Though the licenses are only low power (sub 200mW compared to tens of Watts for traditional GSM systems), they are suitable for services such as in-building GSM, local area GSM (such as in a theme-park) or other constrained areas. There are 15 GSM channels available, each one being able to carry eight voice calls.

Having a reasonable number of channels will allow multiple operators to co-exist in an area and also allow single operators to cover larger areas (in such a way that multiple GSM basestations won't interfere with each other). If the cell is mounted on an external mast, it can't be more than 10 metres high, however, in-building use can be to any height (so build a plastic greenhouse on a terrace on Canary Wharf and you can get an "internal" cell quite high).

Winning Licensees

The 12 companies winning licenses and the prices they paid were:

British Telecommunications PLC - £275,112
Cable & Wireless UK (England) - £51,002
COLT Mobile Telecommunications Ltd - £1,513,218
Cyberpress Ltd - £151,999
FMS Solutions Ltd - £113,000
Mapesbury Communications Ltd - £76,660
O2 (UK) Ltd - £209,888
Opal Telecom Ltd - £155,555
PLDT (UK) Ltd - £88,889
Shyam Telecom UK Ltd - £101,011
Spring Mobil AB - £50,110)
Teleware PLC - £1,001,880)

A license, but what to do with it?

Having a license is all very well, but now licencees must be wondering what they've got themselves into. Just because they can run a GSM service doesn't mean anyone will use it, in fact it may well be difficult to get people onto your network. It's extremely unlikely the existing mobile operators are going to want to have anything to do with these new upstarts, they've invested millions (err, billions) to get to where they are today. The last thing they want is new entrants poaching customers or moving users off their networks when they move into, say, an office environment.
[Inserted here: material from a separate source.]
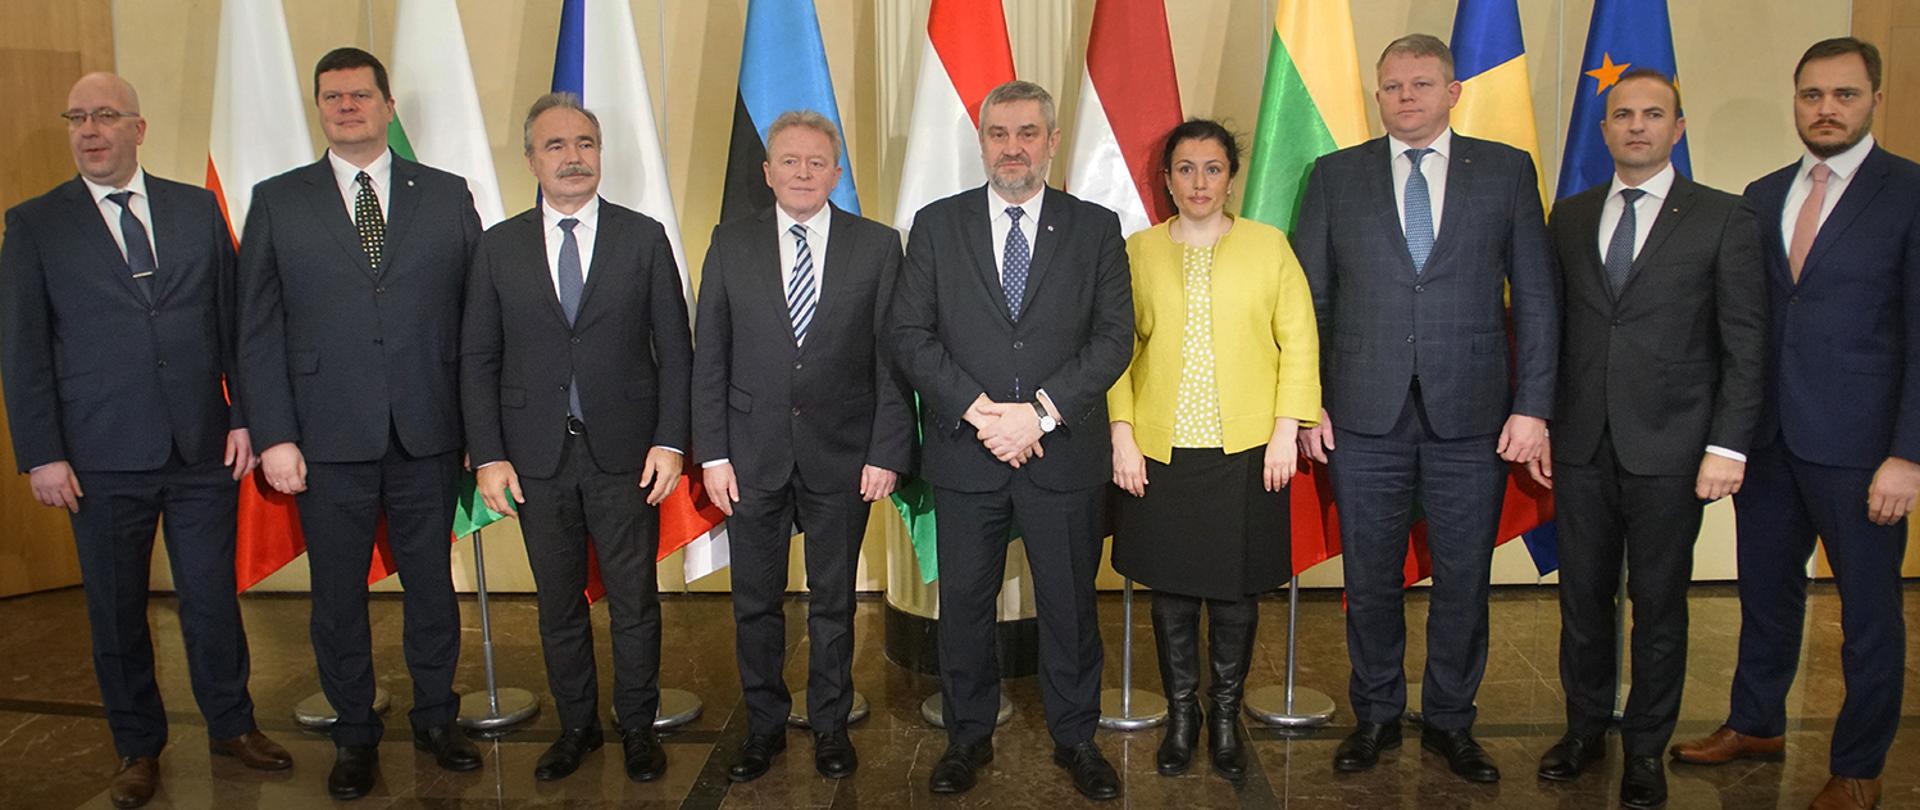 Conference of Agriculture Ministers from eight EU Member States

They especially don't want their customer doing it with equipment (i.e. handsets) that they've heavily subsidised.

Unfortunately, what this means is that the new players are going to have to issue new SIMs (subscriber identity modules) and they won't work on existing GSM networks, or users will manually have to select the new network when they're in range. This makes it all very difficult, and users won't bother if it's hard.